Близость церкви Ивана Предтечи облегчала общение ганзейцев с именитым новгородским купечеством. И в той же церкви тысяцкий разбирал тяжбы русских и немецких купцов.
Напротив немецкого двора находилась церковь Святой пятницы, покровительницы заморского купечества Новгорода, а по обе стороны от нее, ближе к реке Волхову, — Готский и Псковский гостиные дворы. Тут же, на берегу Волхова, протянулись главные корабельные пристани: Княжья, Псковская, Иванская, Ильинская, и начинался Великий мост, переброшенный через реку на Софийскую сторону, прямо к Богородицким воротам Детинца.
Свободно изучая и наблюдая жизнь новгородцев, немецкие купцы ревниво оберегали от русского глаза все свои дела. Древние правила Ганзейского союза затрудняли непосредственное общение купечества с новгородскими жителями и ограничивали доступ в гостиные дворы новгородским купцам.
Итак, двор быстро опустел. Только у дверей церкви Святого Петра несколько купцов и слуг провожали на ночное дежурство молодого немца-купца из Любека, Иоганна Фусса, и слугу одного из бременских купцов — горбуна Пруца.
Войдя в церковь и заперев изнутри дверь на тяжелые крючья, сторожа прислушались. Трижды со стоном в замке повернулся ключ.
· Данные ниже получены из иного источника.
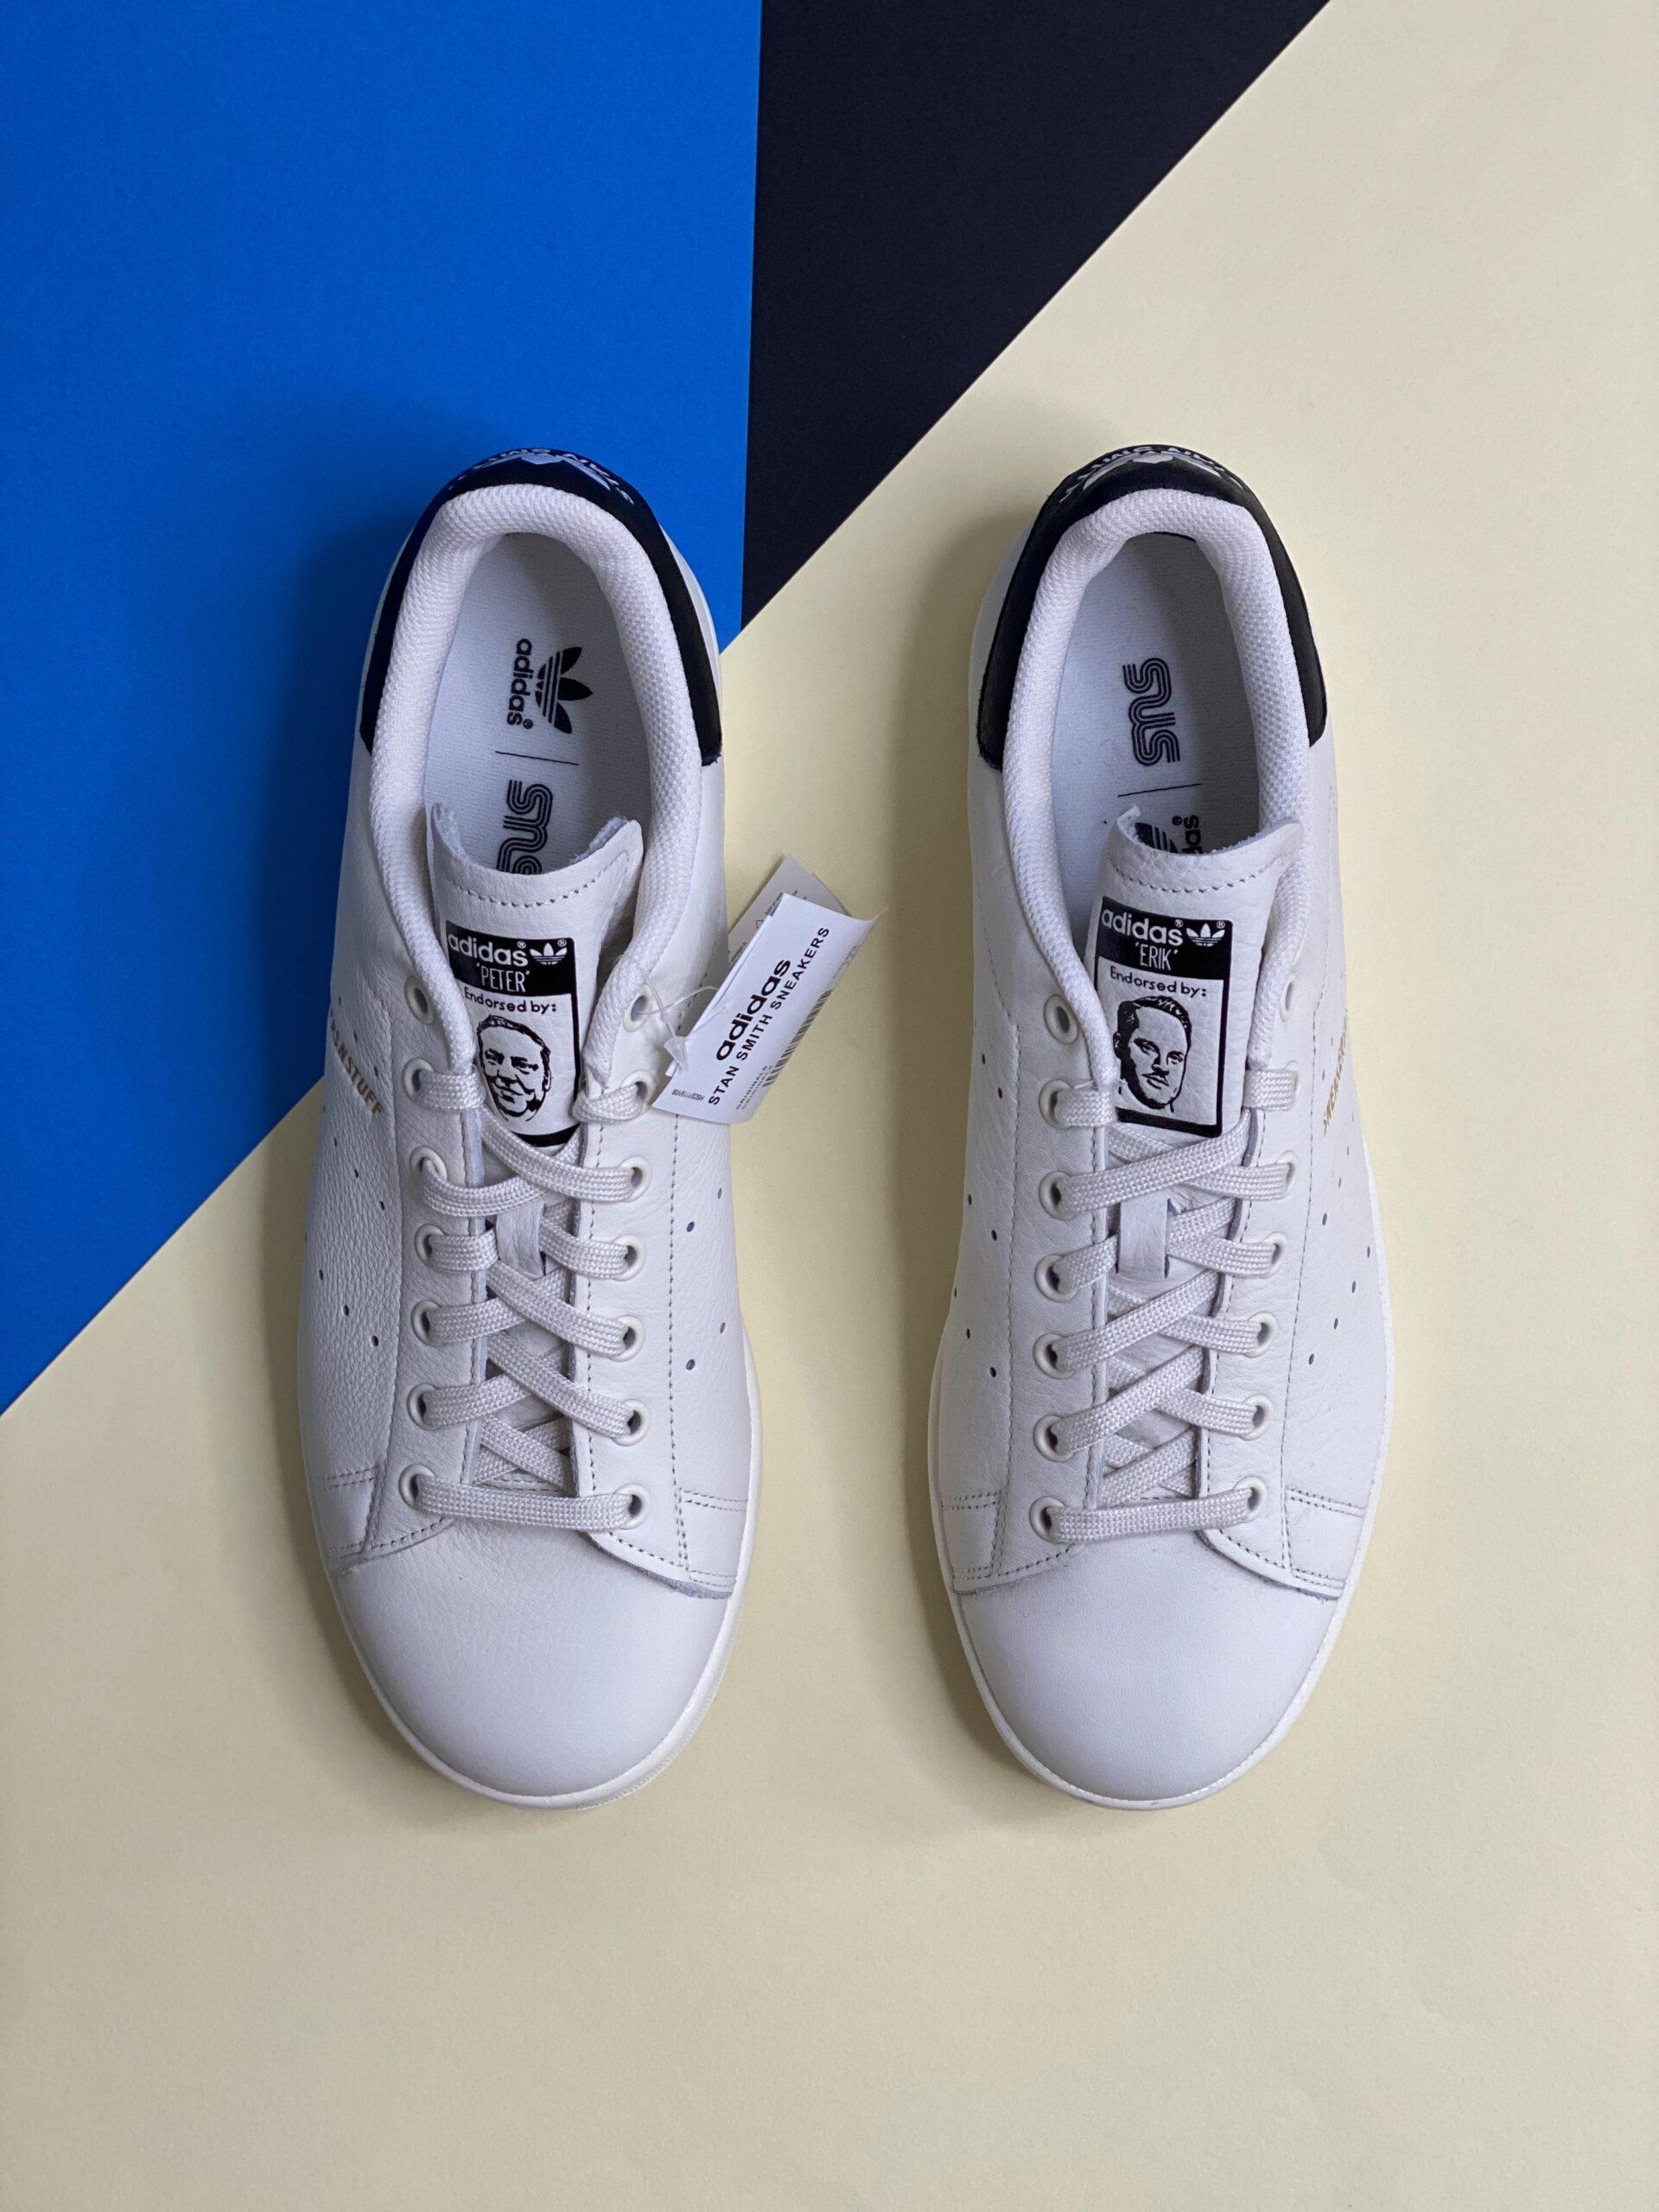 Adidas x Sneakersnstuff

Шаги стали удаляться — провожавшие торопились передать ключ ольдерману.
Поставив подсвечник на выступ стены, обильно закапанный воском, Иоганн Фусс с интересом осмотрелся: охранять церковь, да еще ночью, ему приходилось впервые. Церковь Святого Петра оказалась надежным и обширным складом для товаров ганзейских купцов: тут было использовано каждое свободное местечко.
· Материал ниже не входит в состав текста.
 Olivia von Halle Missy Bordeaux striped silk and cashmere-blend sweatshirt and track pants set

На веревках, протянутых рядами вдоль стен, до самых сводов висели тюки с мягким товаром. Иоганн, глядя на упаковку, стал от нечего делать угадывать, что за товар в тюках.
«Тут фламандские сукна, — думал он, — самые лучшие в мире: ипрские, диксмюйденские и лангемарские. А это английские — безукоризненная выделка, не хуже фламандской».
Взглянув на большие черные тюки, Иоганн усмехнулся:
«Наше, немецкое сукно —
Подойдя к мехам, он с удовольствием провел ладонью по драгоценным собольим шкуркам, приладил на себя дорогую соболью шубу и бобровую шапку, сшитые новгородскими ремесленниками. Вспомнив, что в алтаре хранится скра — правила для немецких купцов, проживающих в новгородском дворе, Иоганн Фусс решил взглянуть на древний документ. Лавируя между кругами воска, разложенными на каменном полу, кипами с тонким бременским полотном и фряжскими кружевами, слитками меди, олова, бочками с серой, купец пробирался к алтарю. Он с завистью смотрел на тяжелые дубовые бочки с романеей и мальвазией, с яблоками, на ящики со сластями, окружавшие со всех сторон алтарь.
Тут же у алтаря небольшими кучками лежали драгоценные моржовые клыки; на их желтоватой кости издалека были видны хозяйские клейма. Отодвинув в сторону весы с медными чашками, он вошел в алтарь. Большая толстая книга сразу бросилась в глаза — это была скра.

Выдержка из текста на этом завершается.